EXERCISE OBJECTIVE –
Using the records below, give the number of lines where the word "photo" appears, with no further output.

DATA –
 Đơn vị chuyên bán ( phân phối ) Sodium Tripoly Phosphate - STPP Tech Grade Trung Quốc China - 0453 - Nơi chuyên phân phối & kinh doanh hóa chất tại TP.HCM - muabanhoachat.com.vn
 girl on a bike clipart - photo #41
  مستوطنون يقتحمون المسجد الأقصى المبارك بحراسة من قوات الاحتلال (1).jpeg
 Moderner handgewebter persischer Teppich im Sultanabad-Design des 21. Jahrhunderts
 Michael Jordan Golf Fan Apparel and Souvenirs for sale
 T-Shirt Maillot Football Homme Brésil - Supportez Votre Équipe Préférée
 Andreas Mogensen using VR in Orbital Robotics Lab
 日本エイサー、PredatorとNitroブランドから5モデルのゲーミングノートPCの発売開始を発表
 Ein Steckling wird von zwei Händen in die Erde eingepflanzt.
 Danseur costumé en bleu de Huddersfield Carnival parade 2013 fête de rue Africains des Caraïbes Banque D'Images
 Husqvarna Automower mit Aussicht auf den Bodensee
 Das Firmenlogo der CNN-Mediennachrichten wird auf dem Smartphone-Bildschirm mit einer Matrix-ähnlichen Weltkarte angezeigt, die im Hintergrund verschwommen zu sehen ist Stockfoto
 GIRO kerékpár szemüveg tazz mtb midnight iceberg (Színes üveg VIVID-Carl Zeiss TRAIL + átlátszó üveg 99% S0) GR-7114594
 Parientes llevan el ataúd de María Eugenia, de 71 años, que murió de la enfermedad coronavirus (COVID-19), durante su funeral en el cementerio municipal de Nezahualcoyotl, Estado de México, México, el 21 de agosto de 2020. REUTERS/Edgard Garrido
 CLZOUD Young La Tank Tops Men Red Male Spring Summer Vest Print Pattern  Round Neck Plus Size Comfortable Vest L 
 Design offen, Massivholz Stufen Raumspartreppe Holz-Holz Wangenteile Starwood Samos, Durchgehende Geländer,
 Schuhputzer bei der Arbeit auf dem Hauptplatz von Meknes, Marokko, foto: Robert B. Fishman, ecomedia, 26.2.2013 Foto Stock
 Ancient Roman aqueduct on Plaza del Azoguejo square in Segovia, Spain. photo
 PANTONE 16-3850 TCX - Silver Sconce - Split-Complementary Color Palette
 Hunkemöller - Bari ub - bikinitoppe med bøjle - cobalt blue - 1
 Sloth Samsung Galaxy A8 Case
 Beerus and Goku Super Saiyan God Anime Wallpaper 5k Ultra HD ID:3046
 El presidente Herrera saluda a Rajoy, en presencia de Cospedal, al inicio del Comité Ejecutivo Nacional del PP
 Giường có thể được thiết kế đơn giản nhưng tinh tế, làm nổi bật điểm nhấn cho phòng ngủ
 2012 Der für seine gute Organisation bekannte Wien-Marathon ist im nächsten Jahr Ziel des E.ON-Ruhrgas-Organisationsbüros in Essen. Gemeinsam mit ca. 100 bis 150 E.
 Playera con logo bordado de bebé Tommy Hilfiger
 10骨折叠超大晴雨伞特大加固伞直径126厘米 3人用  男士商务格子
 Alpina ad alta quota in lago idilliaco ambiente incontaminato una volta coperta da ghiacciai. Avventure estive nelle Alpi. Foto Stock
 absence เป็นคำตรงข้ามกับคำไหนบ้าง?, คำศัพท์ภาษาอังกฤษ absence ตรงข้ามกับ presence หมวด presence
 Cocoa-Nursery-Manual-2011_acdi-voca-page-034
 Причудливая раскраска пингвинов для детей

RESULT BELOW –
2